Collected data.
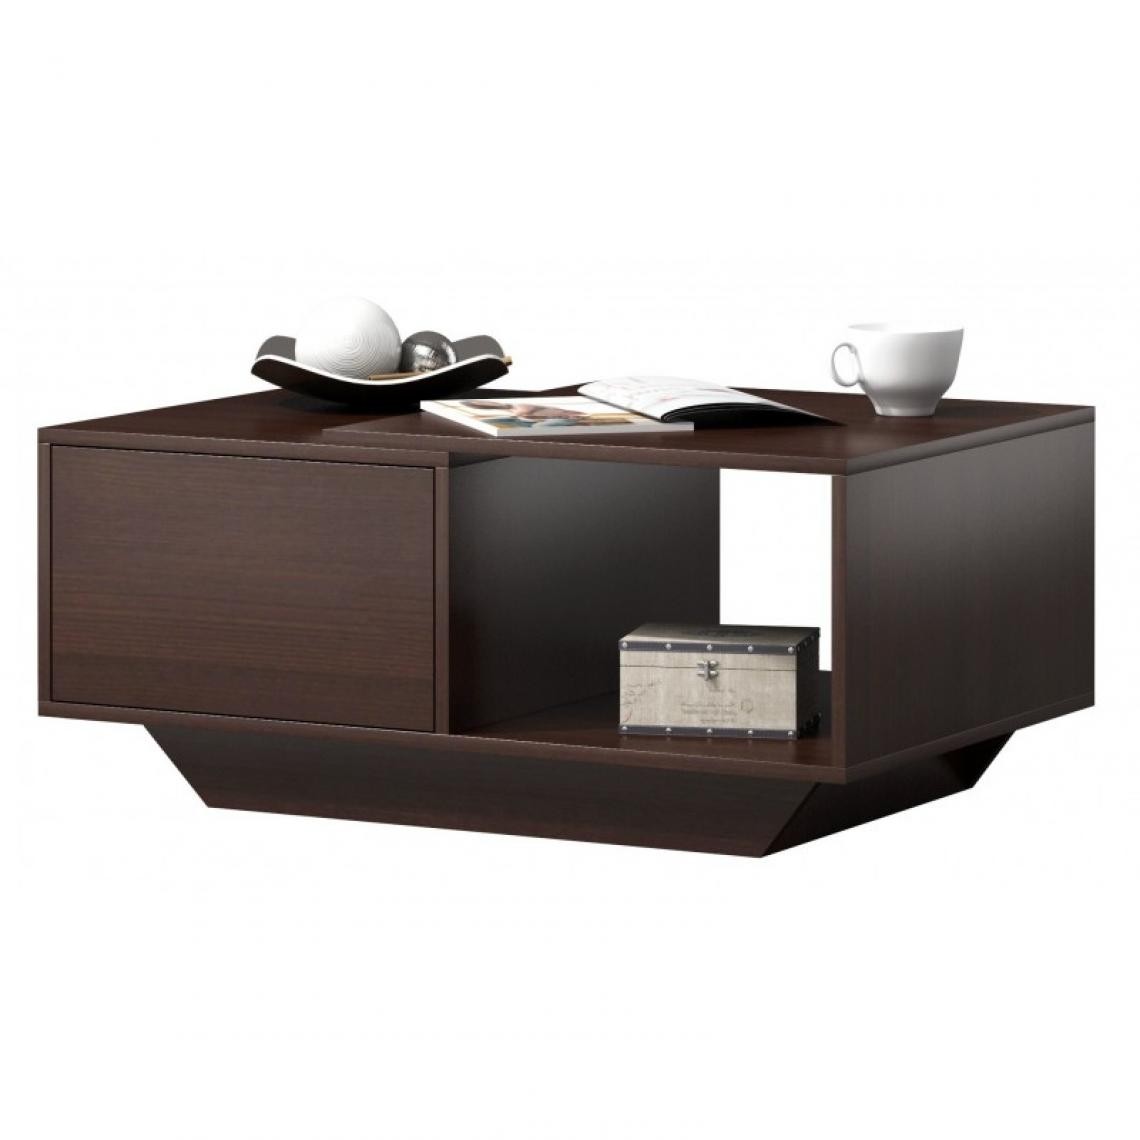 Hucoco - NIMRI - Table à café/table basse moderne salon - Dimensions plateau : 90x60x42 - Rangement spacieux et fonctionnel - Wenge - Tables d'appoint
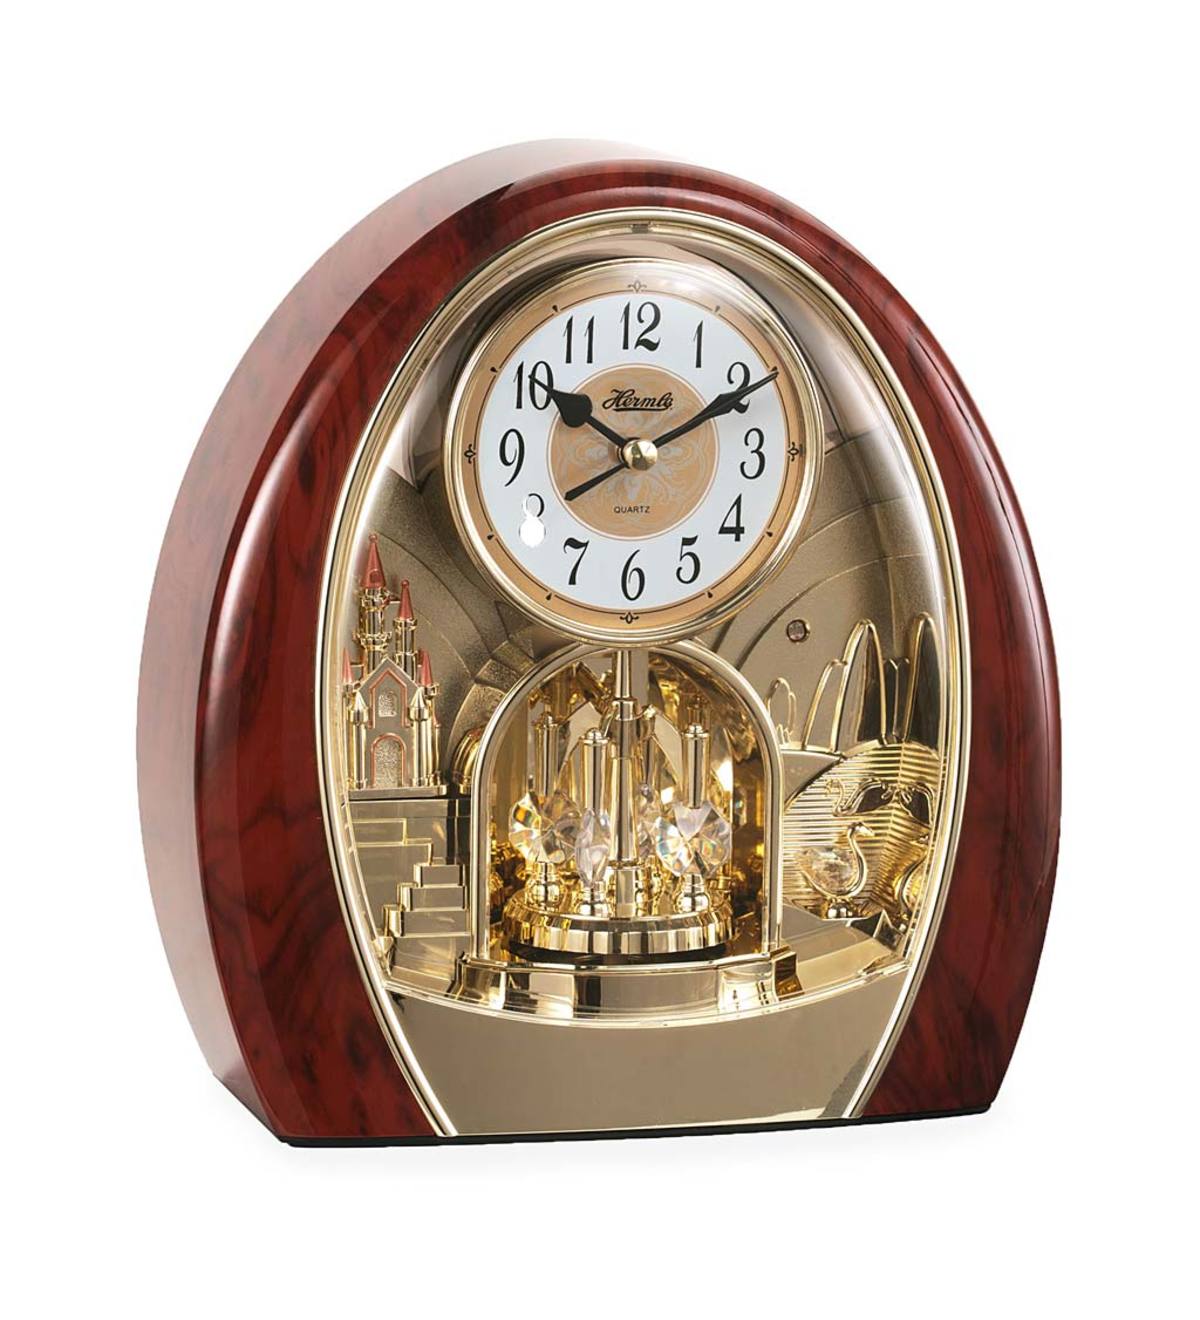 Часы Hermle Quartz. Hermle часы настенные. Часы Hermle 24 часа. Часы Hermle настенные кварцевые. Настенные часы hermle
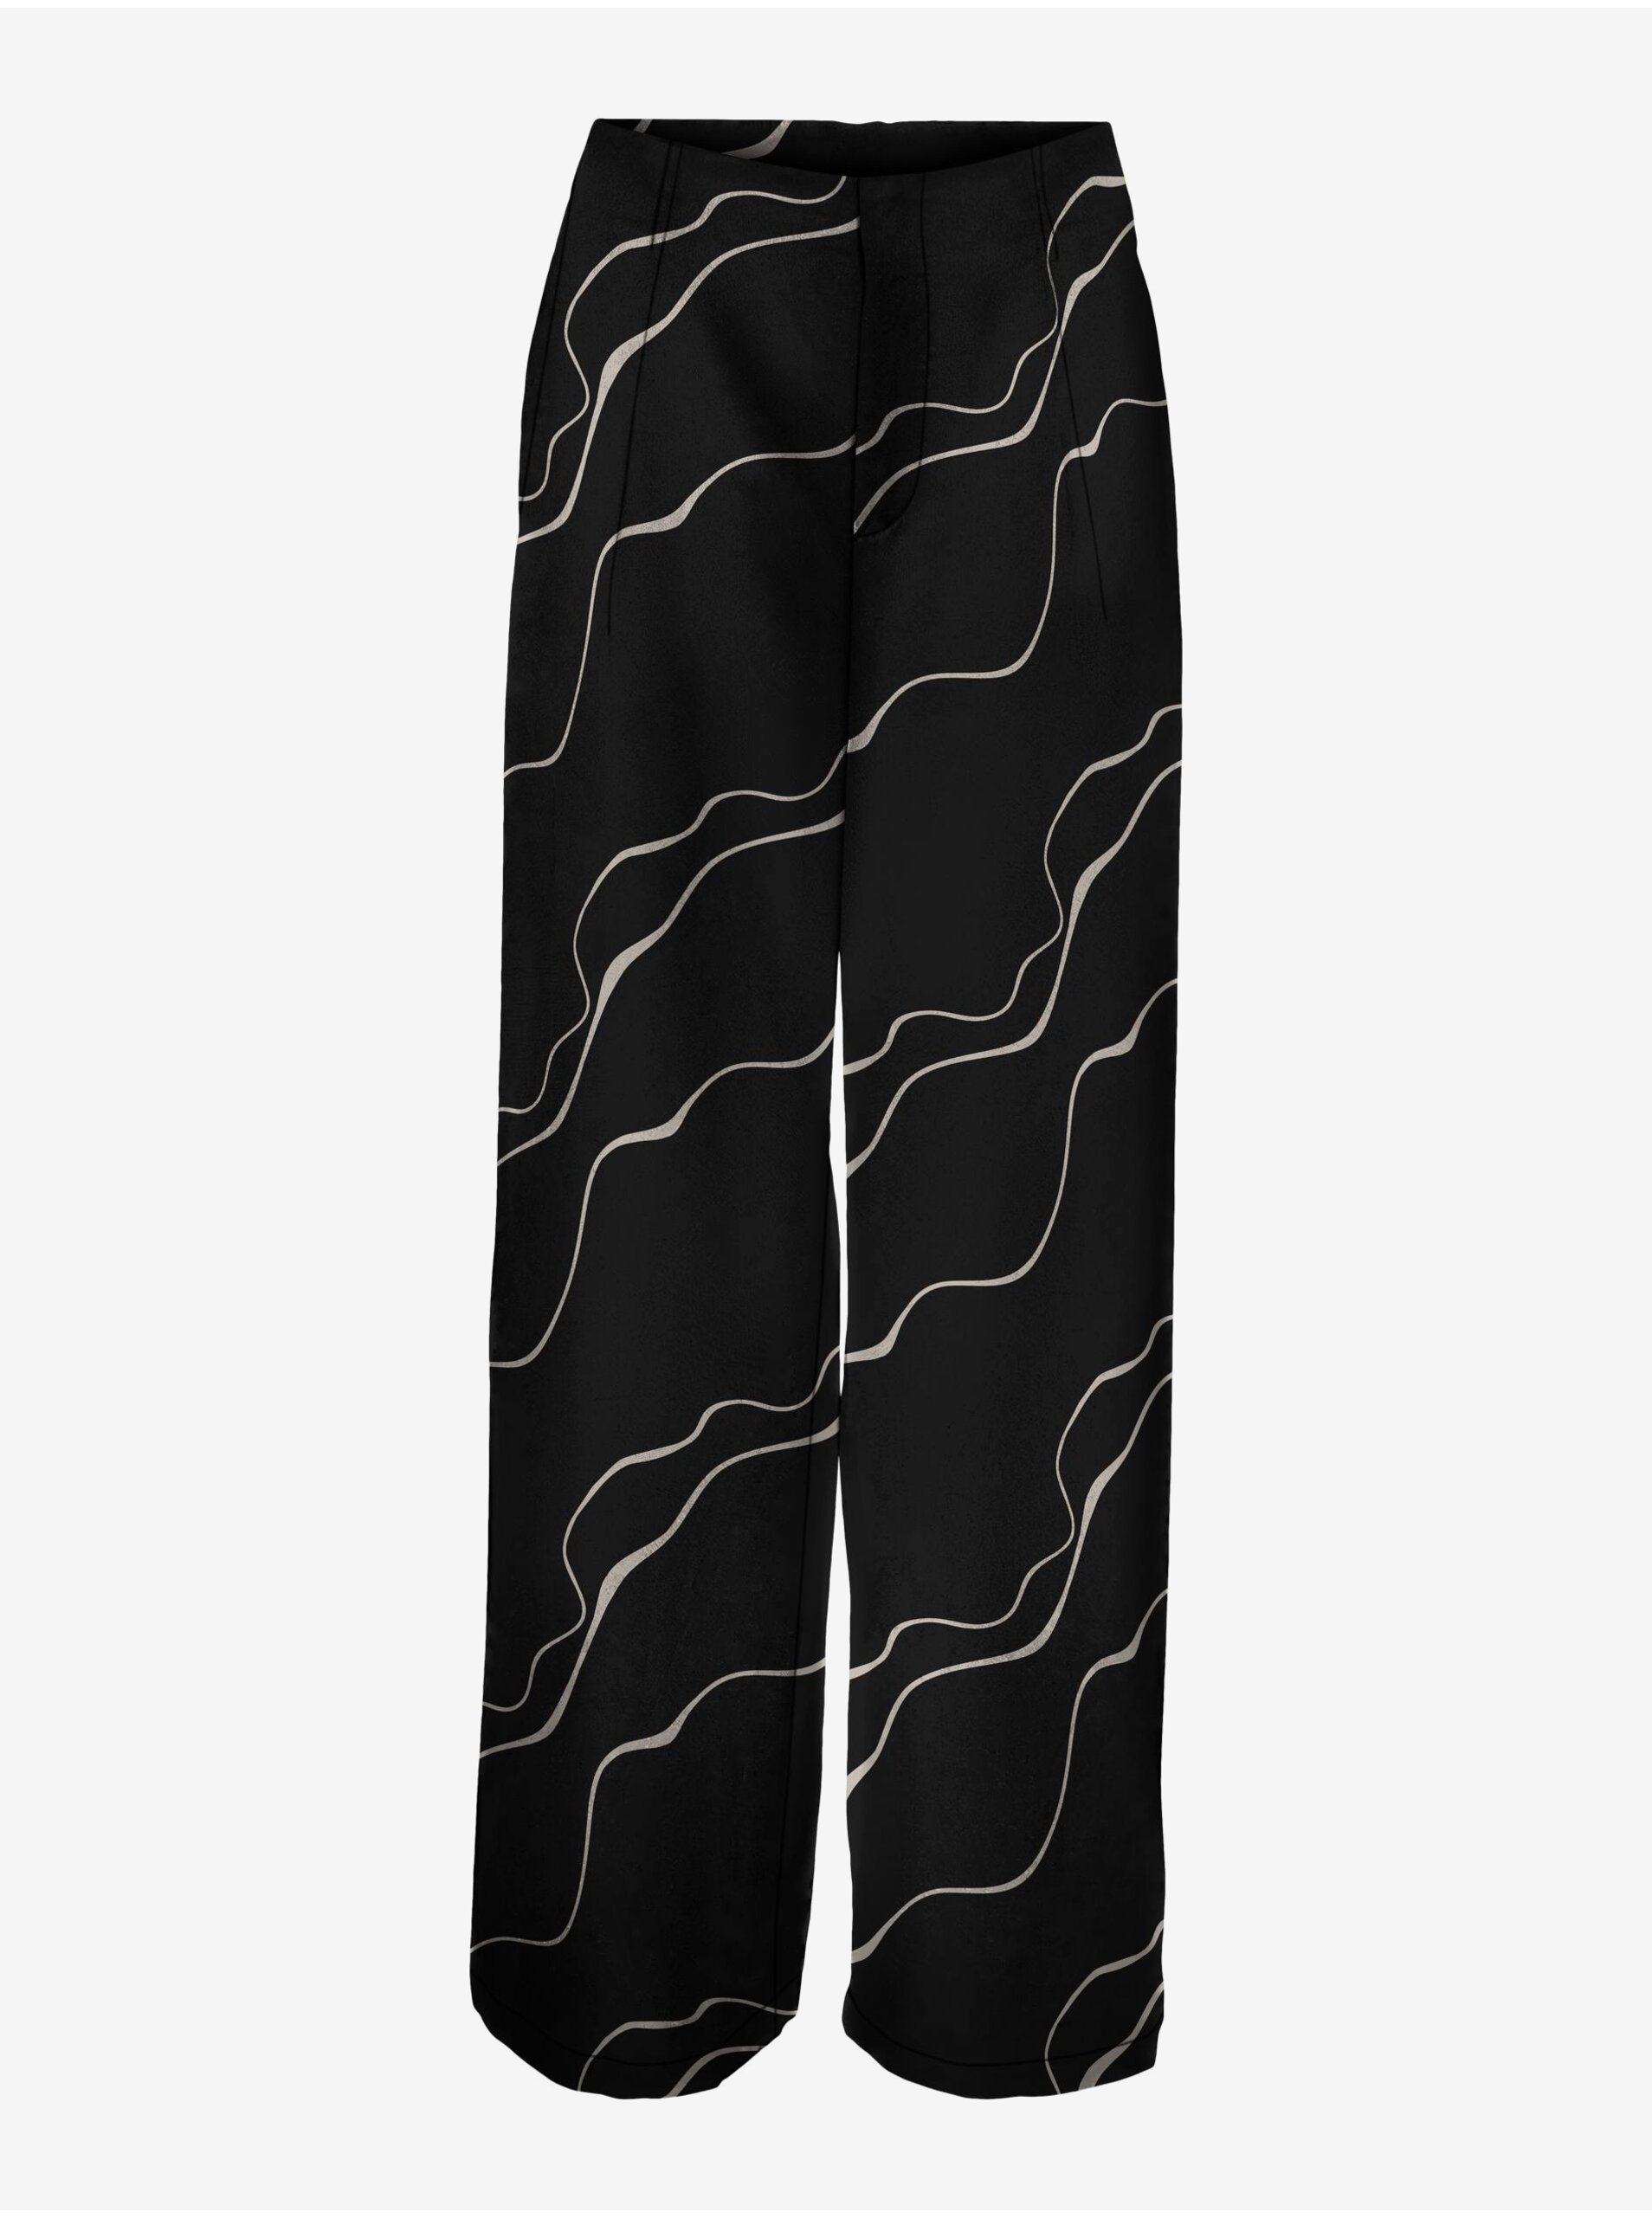 Women's black patterned trousers VERO MODA Merle - Women

The problem. Starting with the line that contains "Часы Hermle Quartz." and ending with the last line of the data above, transcribe exactly those lines and no others, without pictures.

Solution to this task.
 Часы Hermle Quartz. Hermle часы настенные. Часы Hermle 24 часа. Часы Hermle настенные кварцевые. Настенные часы hermle
 Women's black patterned trousers VERO MODA Merle - Women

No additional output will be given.